(1.) THE present appeal has been filed by M/s. Paharpur Plastics against the order dated 25 -2 -1993 passed by the Collector (Appeals), Ghaziabad.
(2.) SHRI Rajesh Chhibber, learned Advocate, submitted that the appellants manufacture HDPE/PP/LLDPE strips/tapes, woven sacks, woven fabrics unlaminated/laminated. Classification list No. 1/91 -92 dated 25 -7 -1991 was approved by the Asstt. Collector with modification. On appeal filed by them, Collector (Appeals), following his earlier Order -in -Appeal No. 58/92, dated 31 -1 -1992, ordered classification of strips/tapes under sub -heading No. 3920.32 and of woven sacks of HDPE/PP/CLDPE under sub -heading No. 3923.90 of the Schedule to the Central Excise Tariff Act. He, however, confirmed the classification of all other products as ordered by the Assistant Collector. The learned counsel further, submitted that tubular fabrics laminated or coated with LDPE made from strips/tapes falling under subheading 3920.32 is used for the manufacture of bags/sacks falling under 3923.90; that, therefore, the classification of other products would flow from the correct and legal classification of the fabrics; that neither the Assistant Collector nor the Collector (Appeals) had given any reasoned findings as to the basis of the classification approved and confirmed by them; that it is clear from Note l(d) of Section XI of the Tariff that the fabrics impregnated, coated, covered or laminated with plastics, and articles thereof of Chapter 39 are not covered by Section XI dealing with Textiles and Textile articles; that the Government, under Notification No. 53/88 -C.E., dated 1 -3 -1988, had extended partial exemption to fabric (plain or laminated) falling under Chapter 39 and were for manufacture of sacks or bags. He further mentioned that the Government, keeping in view the decisionin Raj Packwell Ltd. v.
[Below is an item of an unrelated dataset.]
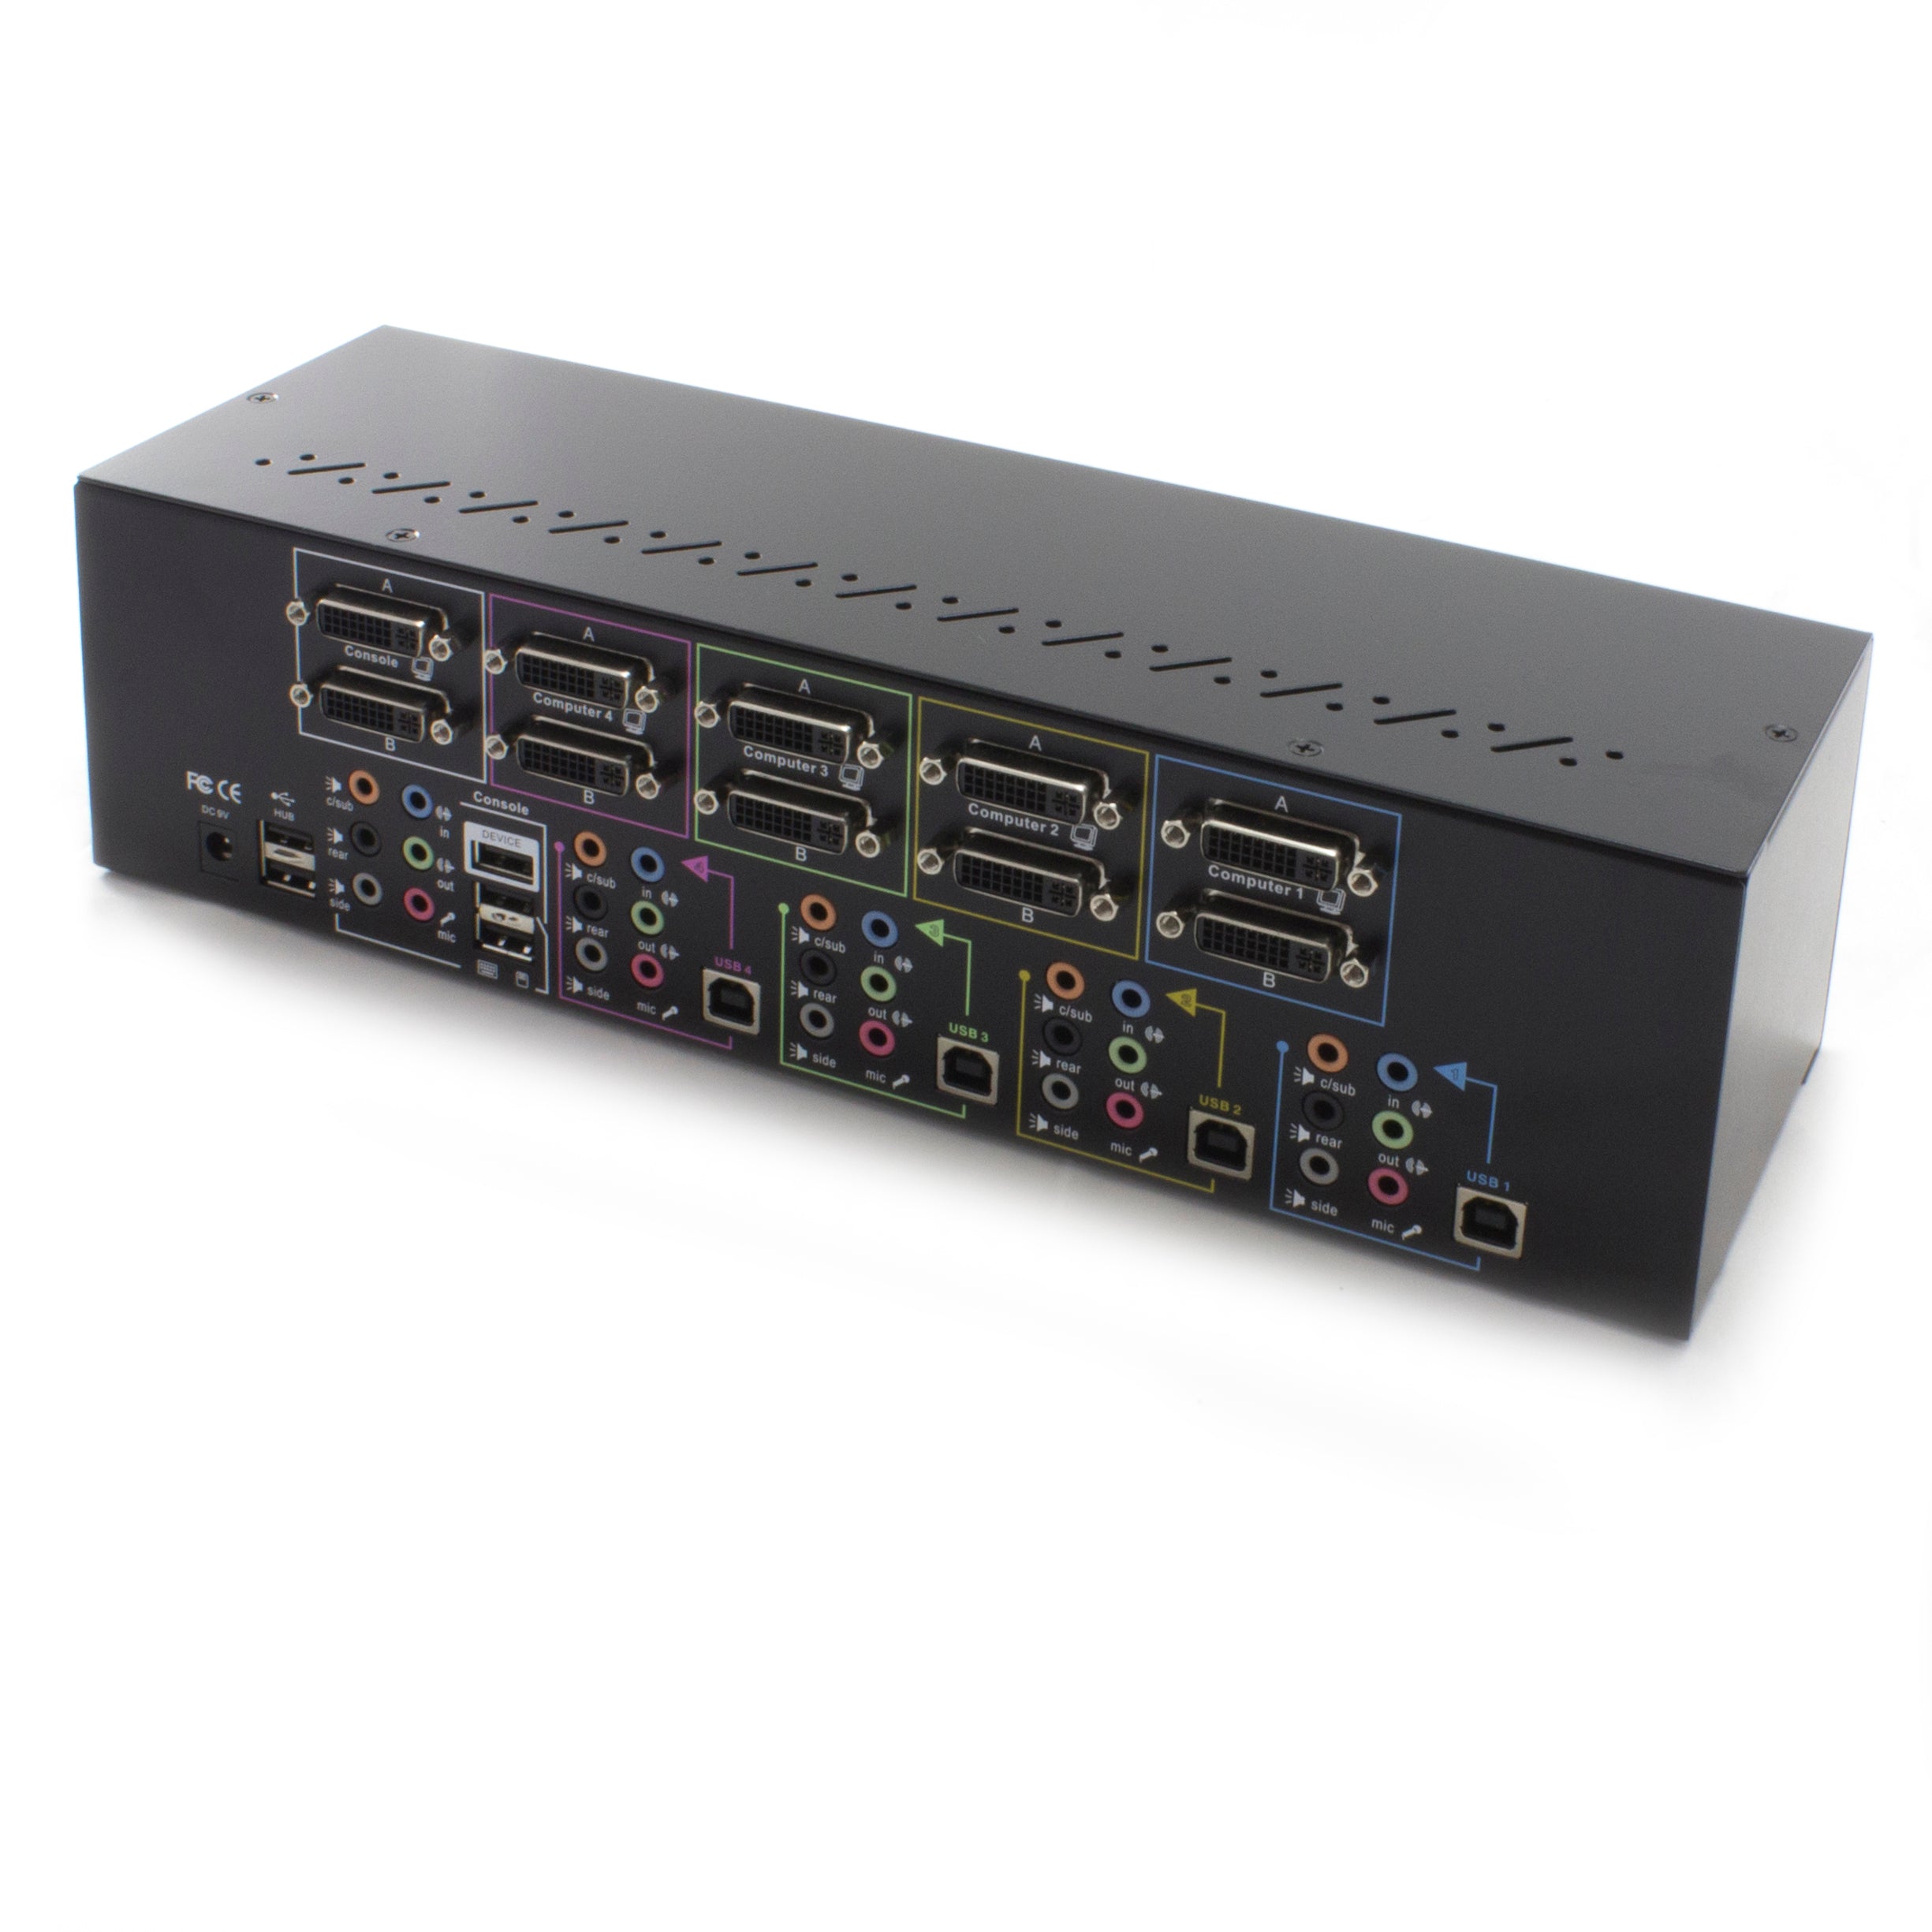 Serveredge 4-Port Dual Monitors DVI USB KVM Switch w/ 7.1 Ch. Sound

U.O.I., 1990 (50) E.L.T. 201 (MP), issued an order under Section 37B of the Central Excise Act classifying the strips/tapes for the manufacture of fabrics for sacks or bags under Chapter 39 of the Tariff and, therefore, the classification of the impugned fabrics under Heading 54.08 or 59.03 is inconsistent with the section note and Governments classification. He finally submitted that even after the impugned order, the department is accepting the classification as claimed by the appellants. In support he referred to the classification list No. 1/93 effective from 1 -3 -1993 and classification list No. 1/94 effective from 1 -3 -1994 duly approved by the Superintendent Central Excise. We also heard Shri K. Srivastava, learned SDR.
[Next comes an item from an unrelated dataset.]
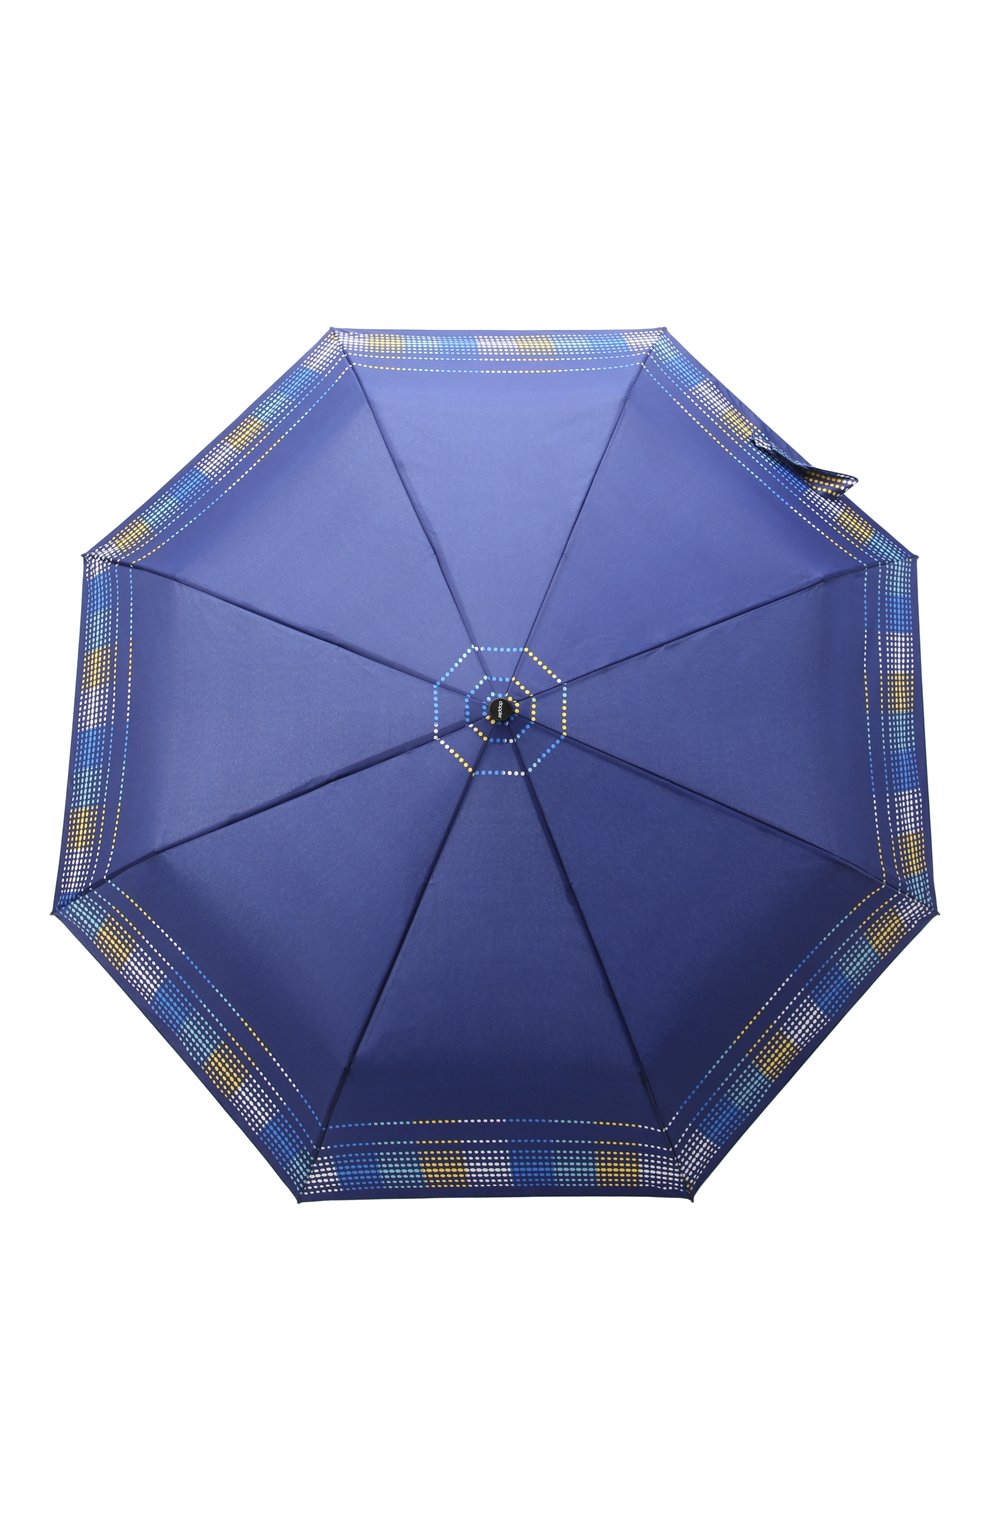 Женский складной зонт DOPPLER синего цвета, арт. 7441465A01 | Фото 1 (Материал: Текстиль, Синтетический материал)

(3.) WE observe that the Collector (Appeals) in the impugned order has classified the strips/tape of HDPE/PP/LLDPE under sub -heading 3920.32 and HDPE/PP/LLDPE sacks under sub -heading 3923.90 following the decision of Madhya Pradesh High Court in the case of Raj Pack Well Ltd., supra. It is not in dispute that the impugned products are made of HDPE/PP/LLDPE. Heading 54.08 covers fabrics of man -made filament yarn and Heading 59.03 applies to textile fabrics, impregnated, coated, covered or laminated with plastics. It has been held in Raj Pack Well case that for bringing the strips of the width of 5 mm or less under Chapter 54, they should also be of synthetic textile material; that nowhere in the definition of 'fabric' and 'textiles' in Textile Committees Act, 1963, plastic has been mentioned as a commodity to be included in the definition of 'fibre' or 'textiles'; that the raw material used for the production of the HDPE strips is covered under Chapter 39 and in absence of anything on the record to show that the HDPE strips are synthetic textile material, the only fact that their width is less than 5 mm would not automatically put that item under entry 54.06. The Government also under Section 37B of the Central Excise Act has ordered classification of HDPE strips and tapes of a width not exceeding 5 mm under sub -heading 3920.32 and sacks made therefrom under sub -heading 3923.90 of the Tariff. A logical conclusion is that the fabrics made out of HDPE etc. would not merit classification under Chapter 54 or 59 as the raw material is not textile material. We also observe that in subsequent classification lists, the Department itself has approved the classification of the impugned product under Chapter 39 of the CETA. In view of these facts and circumstances we set aside the impugned order and allow the appeal.